Blending is the norm in the milling industry, and hard and soft wheat flours are often blended to meet the quality specs of different flours. This is particularly true in the U.S., where many different classes of wheat are available.


Responses

  1. […] of several posts in late July, I was commenting on the outlook in the wheat market (see here and here). In the last of these posts (here), I offered my opinion on one particular aspect of the wheat […]

  2. Nice mix of data and opinion. The market for specific wheats is increasing. We’re trying to get local (Southern California) growers to put in heirloom varieties that we will buy, mill, and sell to local bakers. What is the difference, in cultivation & seed costs, between wheat for feed / cover crop and wheat for milling? Would offering a farmer a 25% margin above ‘feed’ wheat prices be enough of an incentive?
    Thanks for your input.
    Paul Morgan

    • Paul
      Thanks for your interest.
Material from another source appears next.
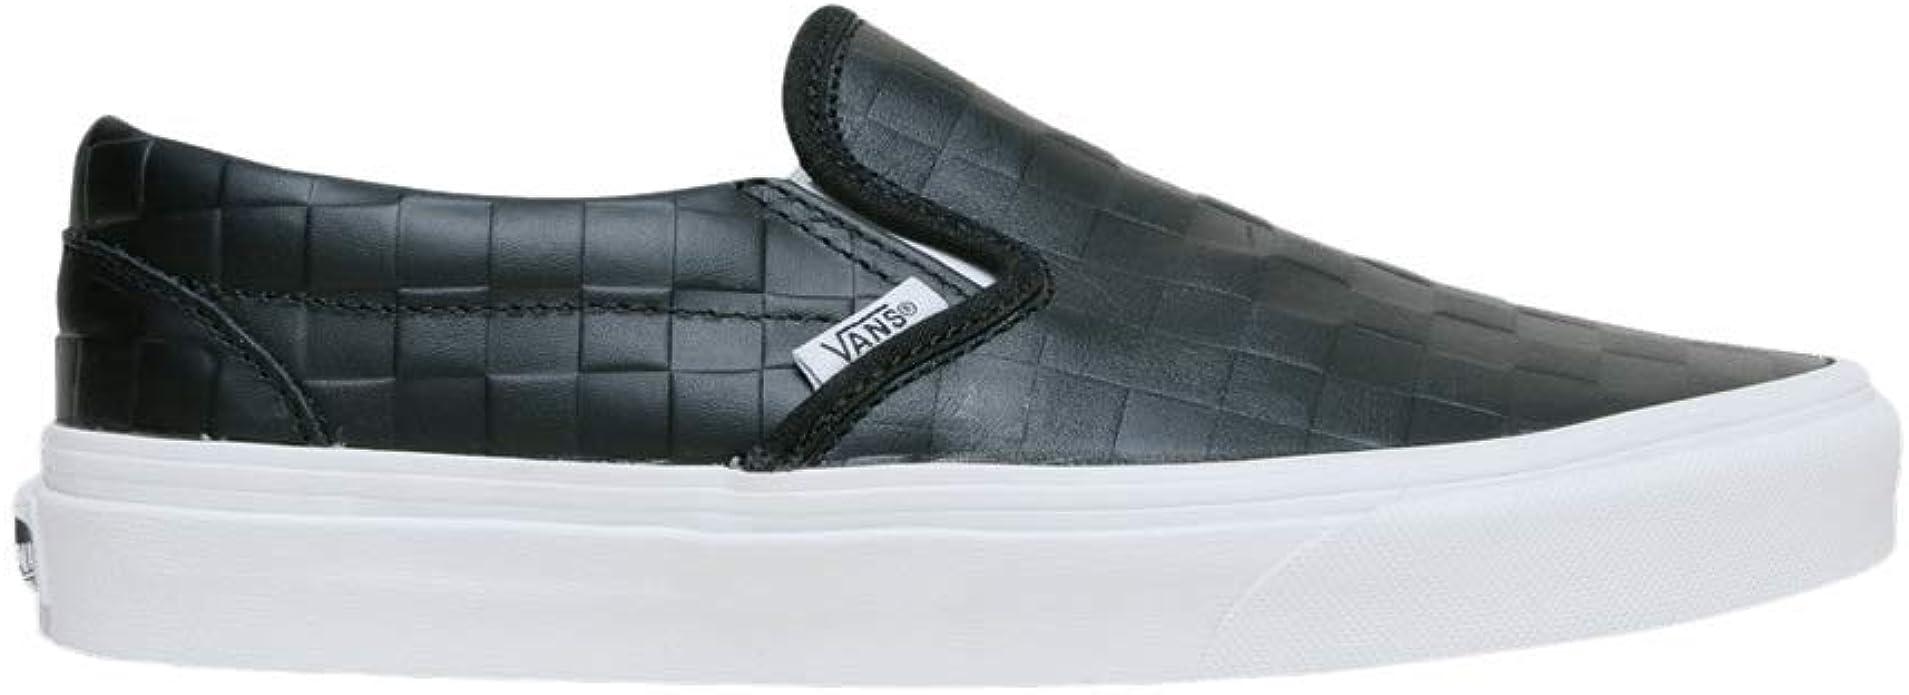 all black leather slip on vans

I am not a wheat agronomy expert nor a cost of production expert, but here is my two cents worth. If local producers are growing feed wheat, I imagine these are very high yielding varieties, grown for a cheap sources of feed and not for high quality flour characteristics. Feed wheats may yield 100 bu./acre or more, while the heirloom varieties you have in mind may produce less than 50 bu./acre. In this case, a 25% premium will not entice growers.

      I led an effort to get a handful of North Dakota growers to produce one particular (and odd) variety of HRS wheat. NDSU studies indicated a 30% yield penalty. We ended up paying 50% more to make up for the yield penalty and to cover their costs for seed and segregation.

      One more thought; Wheat quality for milling is a product of inherent varietal characteristics AND the environment it is grown in. I have a bias in believing that the best quality wheat is raised in the Dakotas, Montana, and Kansas. You may have heirloom wheat with distinct qualities, but this wheat may need to be grown in the right area to bring those qualities out. Here in Minnesota, we know how to grow grapes, but our wine is not quite as fine as the wine made from grapes that come from Napa Valley.

      Good luck and give me a call if you want to explore it further.